P50/P95/P99/P99.9 (latency percentiles): Statistical measures for latency distributions: P95 = 95% of all requests are faster than this value. P99 = 99% of all requests are faster. Tail latency (P99, P99.9) is critical for user experience.
Performance Debt: Consciously accepted or unconsciously created performance limitations in architecture and implementation, that must be documented, prioritized, and resolved.
Provisioned Concurrency: AWS Lambda feature that pre-initializes function instances and keeps them warm, to eliminate cold start latency. Billed even during inactivity.

Read Replica: Read-only copy of a database that can take over read requests, to offload the primary database server.
Reserved Concurrency: AWS Lambda feature that reserves a fixed portion of the account concurrency limit for a function, to both guarantee a minimum capacity and prevent overloading the account.

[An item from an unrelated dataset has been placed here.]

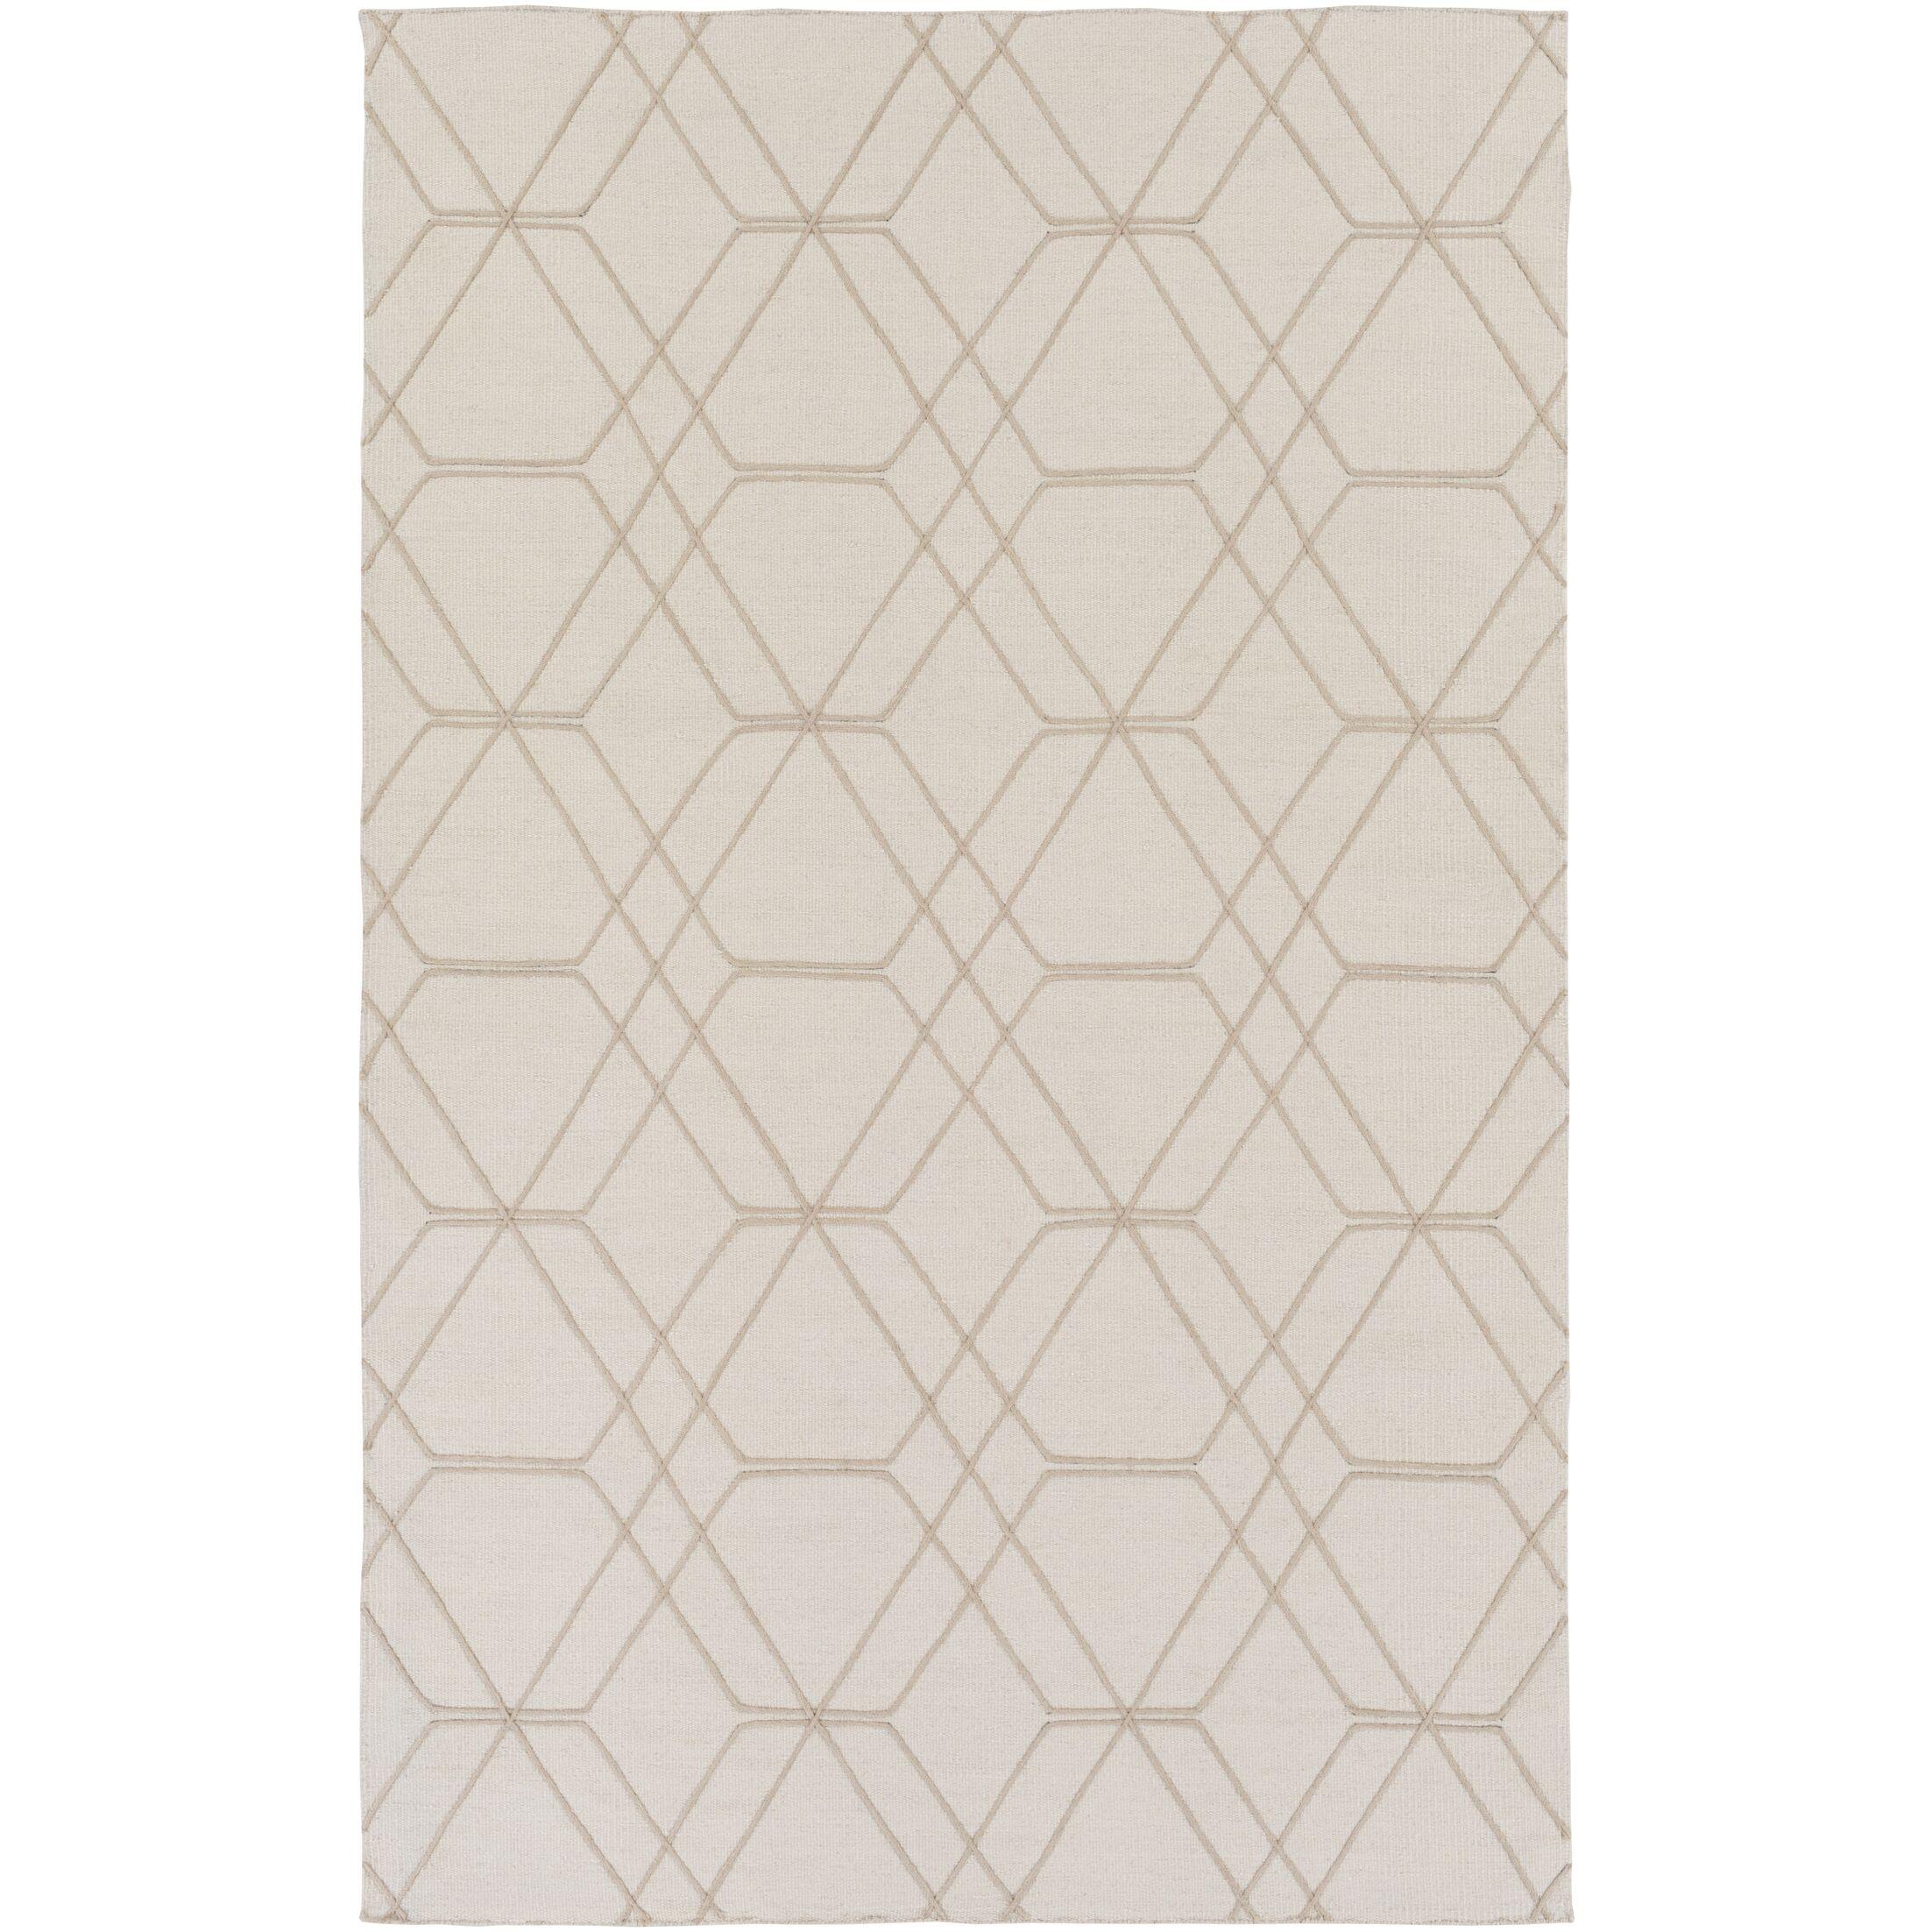 Robin Hand-Woven Cream Area Rug Rug Size: Rectangle 5' x 7'6

Service Level Agreement (SLA): Contractually agreed performance guarantee between a service provider and customer. Basis: SLOs + escalation/compensation rules.
Service Level Indicator (SLI): Measurable quantity that quantifies the actually experienced service quality. Examples: P99 latency, success rate, availability.
Service Level Objective (SLO): Internal target for an SLI. Example: P99 latency < 500ms, measured over 30 days. SLOs are the foundation for error budget management.
Slow Query Log: Database feature that logs SQL queries that exceed a defined execution time. Fundamental tool for database performance analysis.
SLO Burn Rate: Rate at which the error budget is consumed. A burn rate > 1 means the budget is being consumed faster than allowed.
Stress Testing: Load test with loads significantly above the expected maximum (typically 2x–5x), to identify capacity limits, failure modes, and system behavior at the limit.

Throughput: Number of processed requests or amount of data per unit of time. Typical unit: Requests per Second (RPS/TPS) or MB/s.
TTL (Time-to-Live): Lifetime of a cache entry. After expiry, the entry is removed from the cache and reloaded on the next request.

Vertical Scaling: Increasing capacity by upgrading to a larger instance. Has a hard upper limit; typically requires downtime.
VPC Endpoint: AWS feature that allows cloud service APIs (S3, DynamoDB, SSM, etc.) to be reached via private AWS backbone connections, without passing through the internet.
VPC Peering: Direct network connection between two VPCs that routes traffic over the AWS internal network instead of the internet.

Write-Through Cache: Caching strategy in which write operations synchronously write to both the cache and the data source, to ensure cache consistency.